Music Graph Project: Upgrading My AI Workflow with MCP

6 minute read

This is somewhat of a one off post for the project. I was feeling the pain of all the cutting and pasting I was doing. This is caused a problem for me because I didn’t want to relinqish full control to AI with something like claude code. I also didn’t want to pay per api call/token. I came up with the idea of using MCP servers as a bridge. This way I could still control the code, but offload boring tasks to Claude like writing these blog posts. Below is the unedited post describing our MCP setup written by Claudecd

Before diving into Phase 6 (CI/CD), I needed to solve a growing pain point in my development workflow. The copy/paste approach that worked fine in Phase 1 was becoming a significant friction point as the project grew.

The Problem

My workflow through Phase 5 looked like this:

  1. Have a conversation with Claude about what to build
  2. Copy code from my editor into Claude
  3. Get suggestions/fixes from Claude
  4. Copy code back to my editor
  5. Repeat for every file that needed changes

For small tasks: Annoying but manageable.

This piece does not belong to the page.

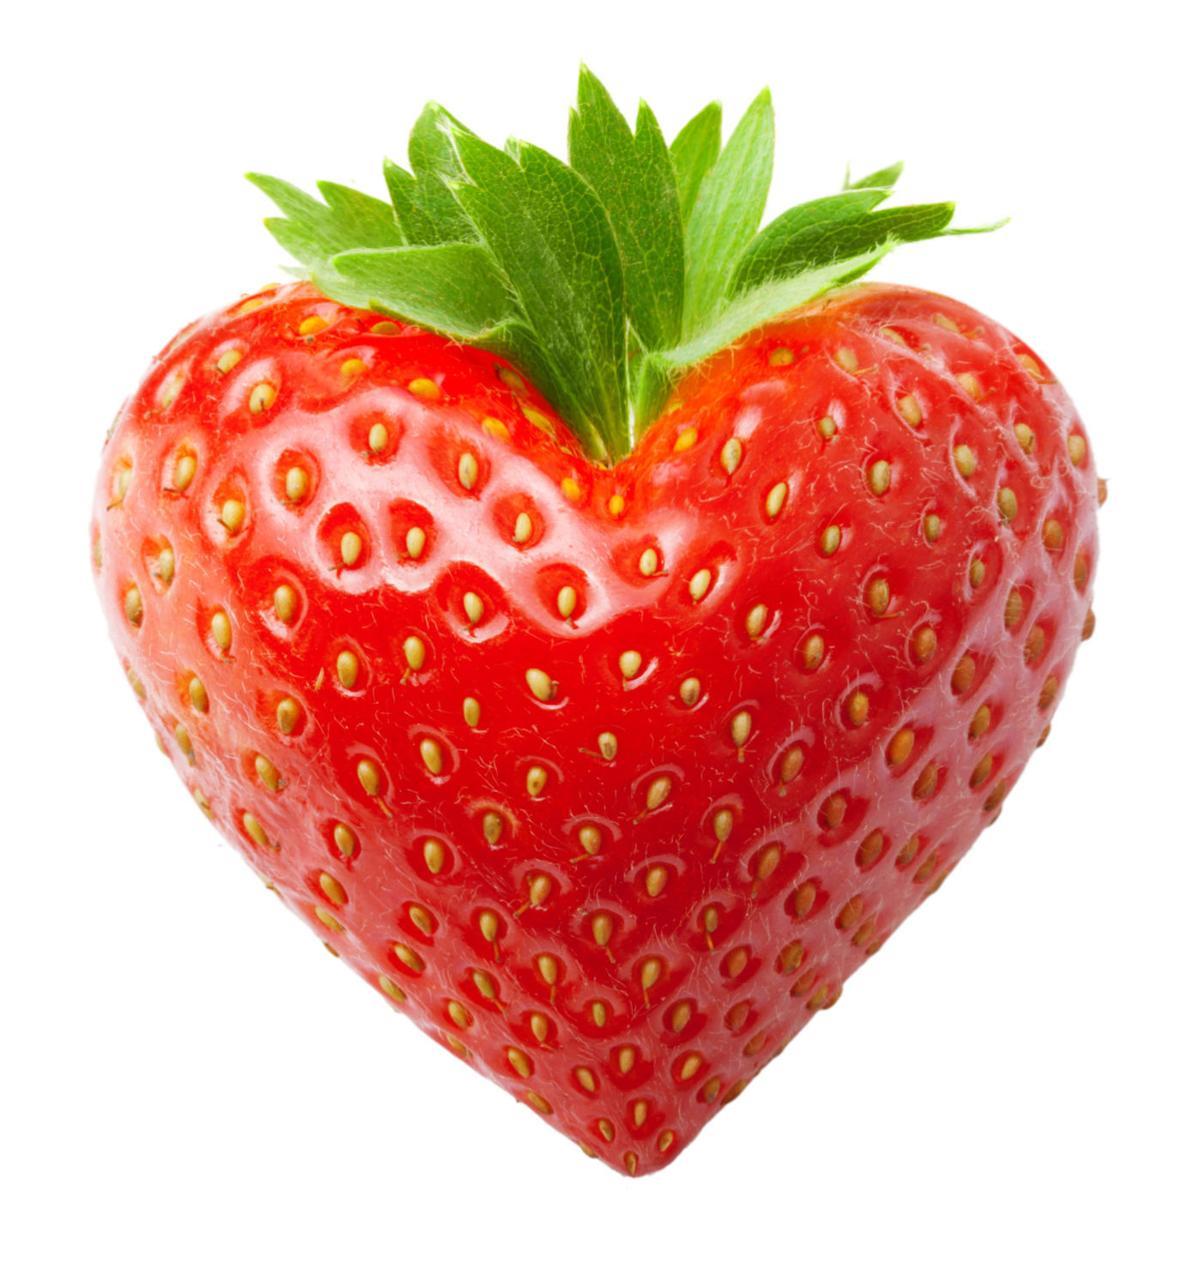 strawberry-heart-NEW.jpg
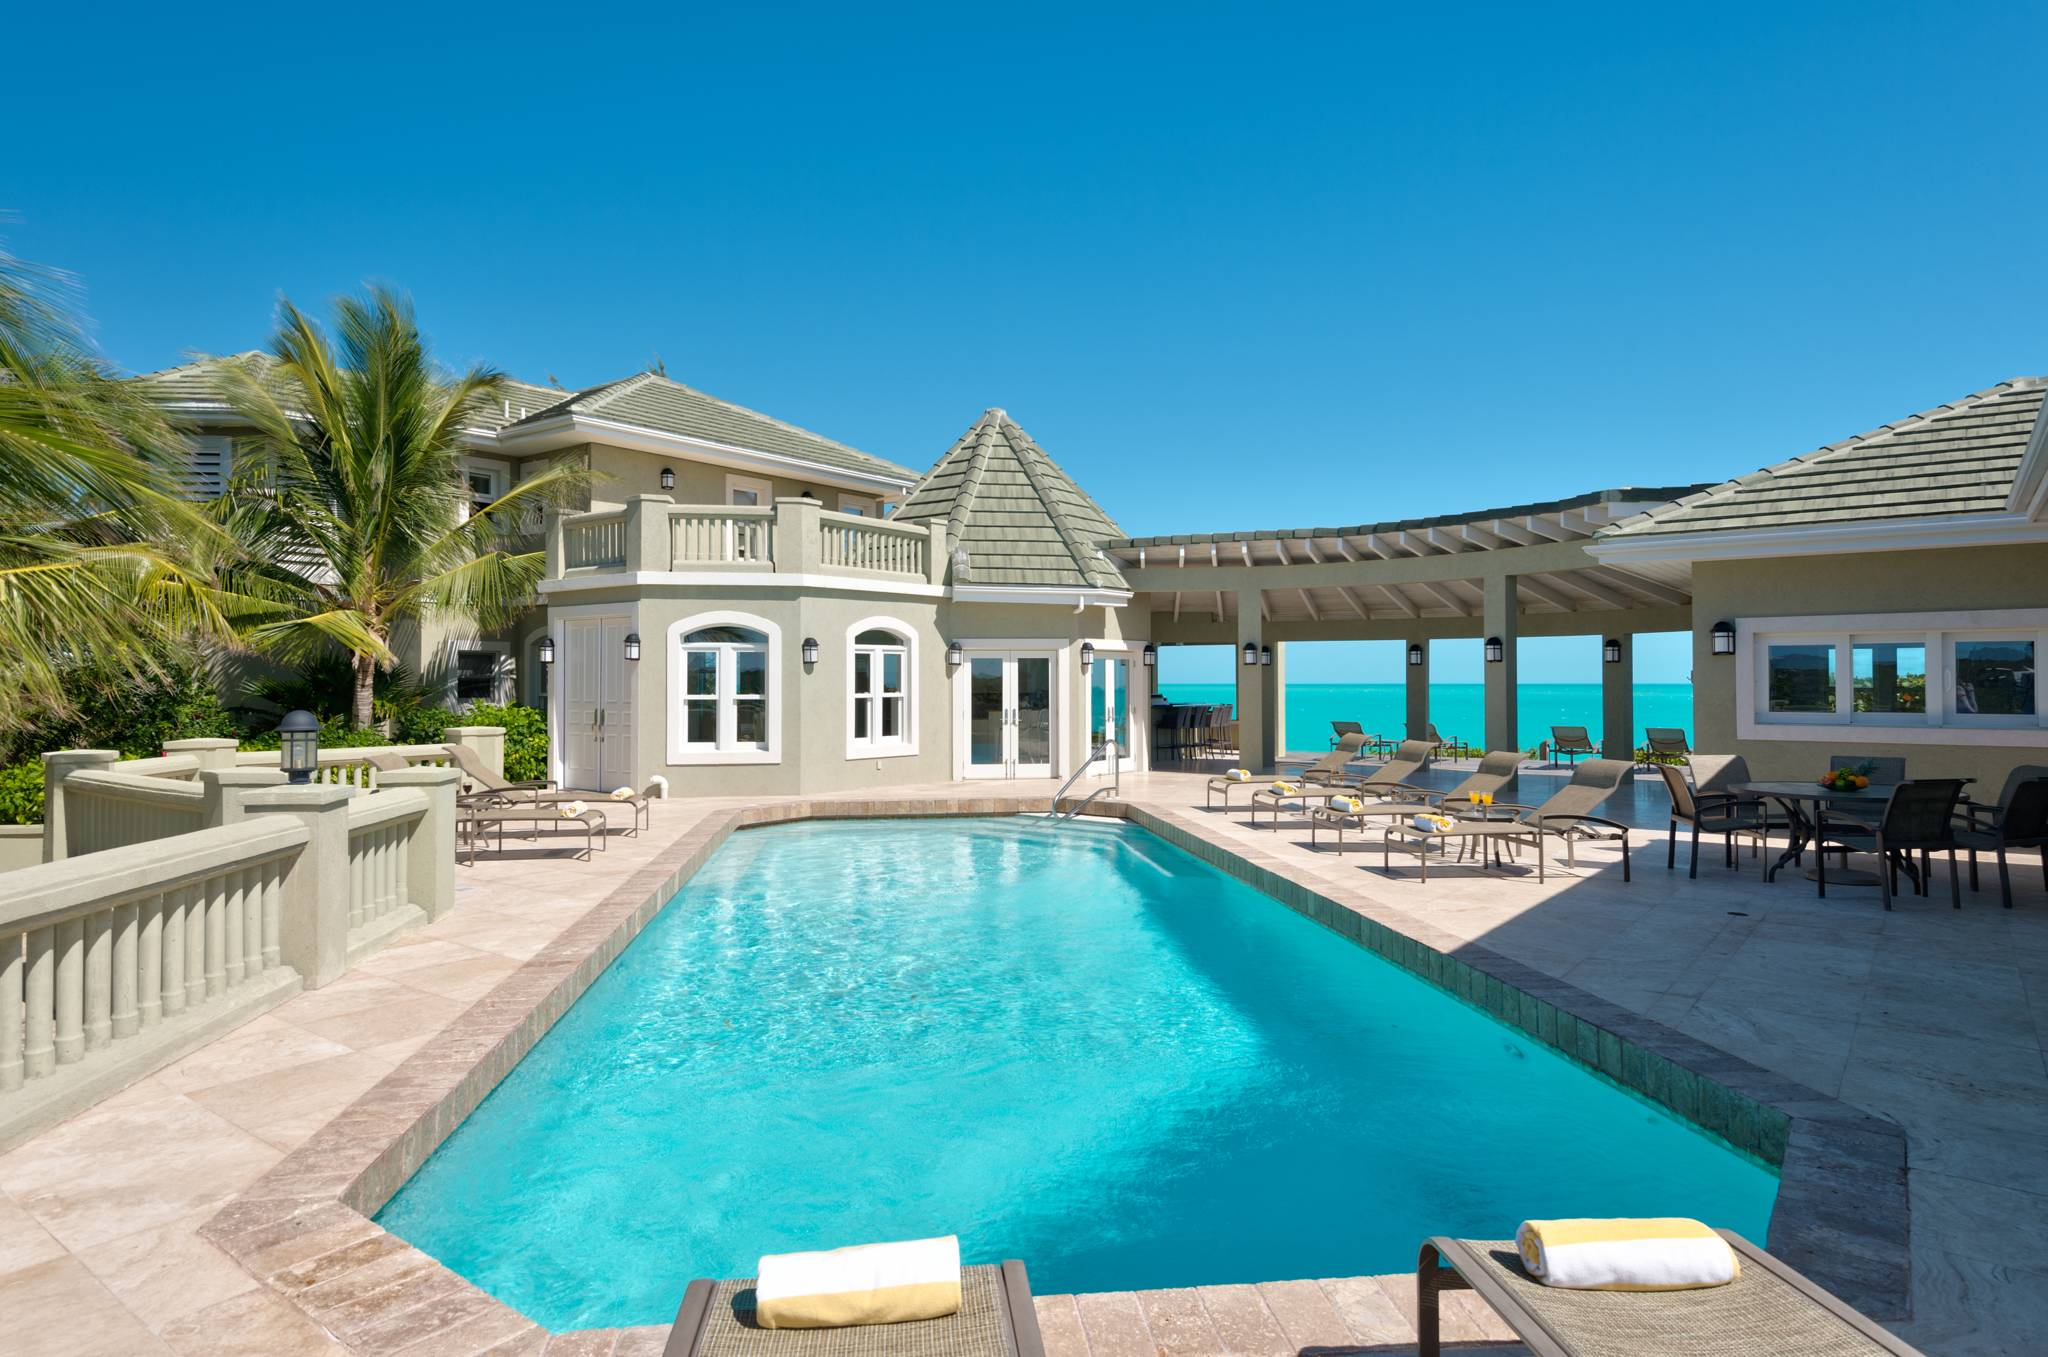 Casa Varnishkes a nine-bedroom beachfront villa on Long Bay Beach Providenciales

For Phase 5 deployment: Painful. I was juggling terraform files, Docker configs, Nginx configuration, Python code, and environment variables across multiple sessions. The context window limits meant I couldn’t show Claude everything at once.

For Phase 6 and beyond: Unsustainable. CI/CD will touch even more files across multiple repositories.

The Options I Considered

Option 1: Keep the current workflow

  • Pros: Free (included in $20/month Claude Pro), familiar
  • Cons: Doesn’t scale, wastes time, limits what’s possible

Option 2: Switch to Cline (VS Code extension with API)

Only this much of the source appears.